- Department of Obstetrics and Gynecology, Affiliated Hospital of Chengdu University of Traditional Chinese Medicine, Deyang People’s Hospital, Deyang, China
We report the case of a 40 + 2-week pregnant woman who experienced spontaneous rupture of membranes at the end of the first stage of labor, followed by palpation of an irregular, soft tissue mass at the presenting part. Initial examination suggested a breech presentation; however, a definitive diagnosis could not be established by palpation alone. Using a vaginal dilator to directly visualize the presenting part, we confirmed the diagnosis of face presentation and achieved a successful vaginal delivery, with favorable outcomes for both the mother and the neonate. By reviewing the patient’s medical history, diagnostic process, and delivery progression, we identified the causative factors and underlying delivery mechanism in this case. We propose a simple and practical diagnostic approach and share a novel obstetric technique for fetal spinal protection during delivery. Furthermore, we underscore the importance of multidisciplinary collaboration in the management of facial presentation to optimize maternal and neonatal outcomes, thereby offering a reference for the clinical management of similar cases.
1 Introduction
Malposition of the fetus is a major cause of dystocia and a frequent indication for obstetric intervention during labor. Among these abnormalities, persistent occiput posterior position is the most common, occurring in approximately 5.2% of deliveries. Breech presentation is observed in approximately 3.1% of cases, while transverse lie is less frequent, with an incidence of approximately 0.12% (1). Face presentation is the rarest form, occurring in only 0.014% of deliveries (2). Face presentation refers to a fetal position in which the face, from the forehead to the chin, constitutes the presenting part during descent through the birth canal. This condition is characterized by marked hyperextension of the fetal head, such that the occiput may lie near the fetal back. Face presentation is classified into mentum anterior, mentum posterior, and mentum transverse. Among these, approximately three-quarters of mentum anterior cases may be considered for vaginal delivery, whereas mentum posterior presentation most often requires cesarean delivery (3, 4).
The primary method for the clinical diagnosis of a face presentation is a vaginal digital examination. A definitive diagnosis is achieved by palpating facial cranial landmarks—such as the orbital ridges, orbits, nasal bridge, oral fissure, and chin—during the first or second stage of labor. Ultrasonography serves as a valuable adjunct or alternative modality for confirmation (5, 6). Sonographic findings typically include hyperextension of the fetal cervical spine, an S-shaped spinal curvature, and an occipitocervical angle of less than 90° (1, 7, 8). However, pelvic bone shadows and soft tissue artifacts limit the quantitative accuracy of ultrasonography. Furthermore, the scarcity of cases restricts clinicians’ palpation experience, while continuous fetal movement further complicates diagnosis. Consequently, the rate of missed and misdiagnosed cases remains high, with approximately 44.4% confirmed only during cesarean delivery, underscoring the considerable diagnostic challenge of this condition (2).
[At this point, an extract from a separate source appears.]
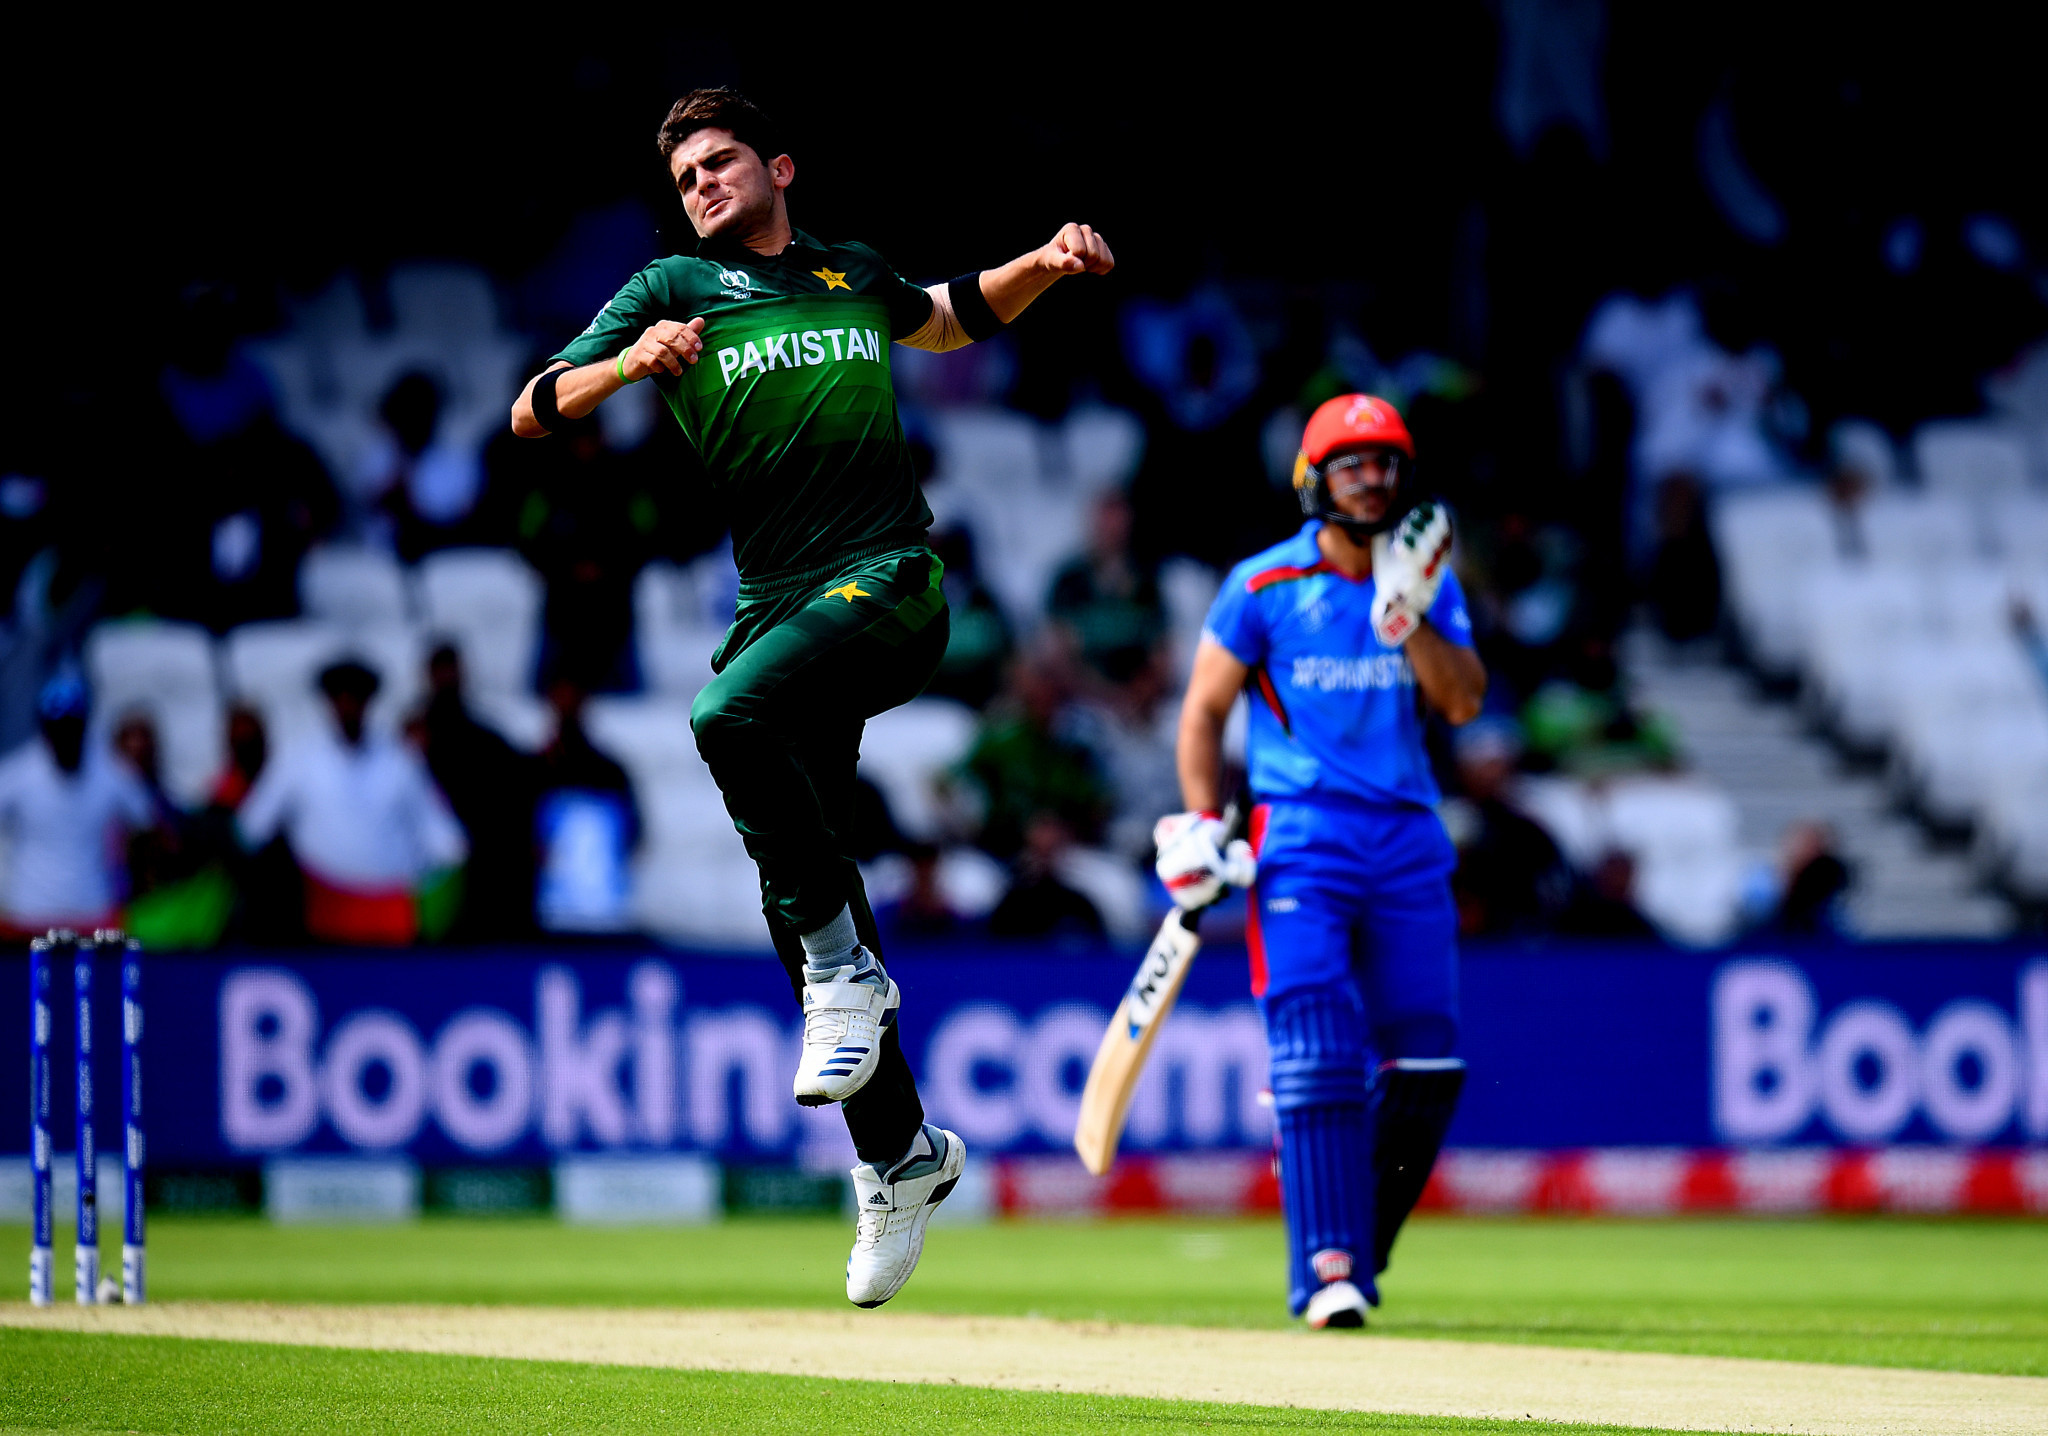 Shaheen Afridi was Pakistan's star bowler as he took four wickets to help restrict Afghanistan to a total of 227-9 ©Getty Images

Established risk factors for face presentation include fetal anomalies (e.g., anencephaly), multiparity, and polyhydramnios. Additionally, any condition that impedes fetal head flexion or promotes neck extension—such as multiple nuchal cord loops, cephalopelvic disproportion, or pelvic contracture—can increase the risk of face presentation (9). Improper management of face presentation can result in serious maternal and fetal complications, including uterine rupture, severe perineal lacerations, fetal spinal injury, and neonatal mortality (2, 10), posing significant challenges for obstetricians. Data indicate that 89% of clinicians prefer cesarean delivery in such cases, a rate approximately three times higher than that for vertex presentations (2, 11). This preference is partly due to the complexity of face presentations—often accompanied by prolonged labor and altered fetal heart rate patterns—and more critically due to limited experience and confidence among obstetricians in managing this rare condition (11). Current research primarily focuses on the incidence, risk factors, and adverse maternal and neonatal outcomes associated with face presentation (2, 11–13). However, studies on the rapid diagnosis of sudden face presentations, intrapartum management, and multidisciplinary coordination remain scarce, despite their substantial clinical relevance. The multidisciplinary team (MDT) is an effective medical model that integrates the advantages of multiple clinical specialists for the comprehensive diagnosis and treatment of diseases (14).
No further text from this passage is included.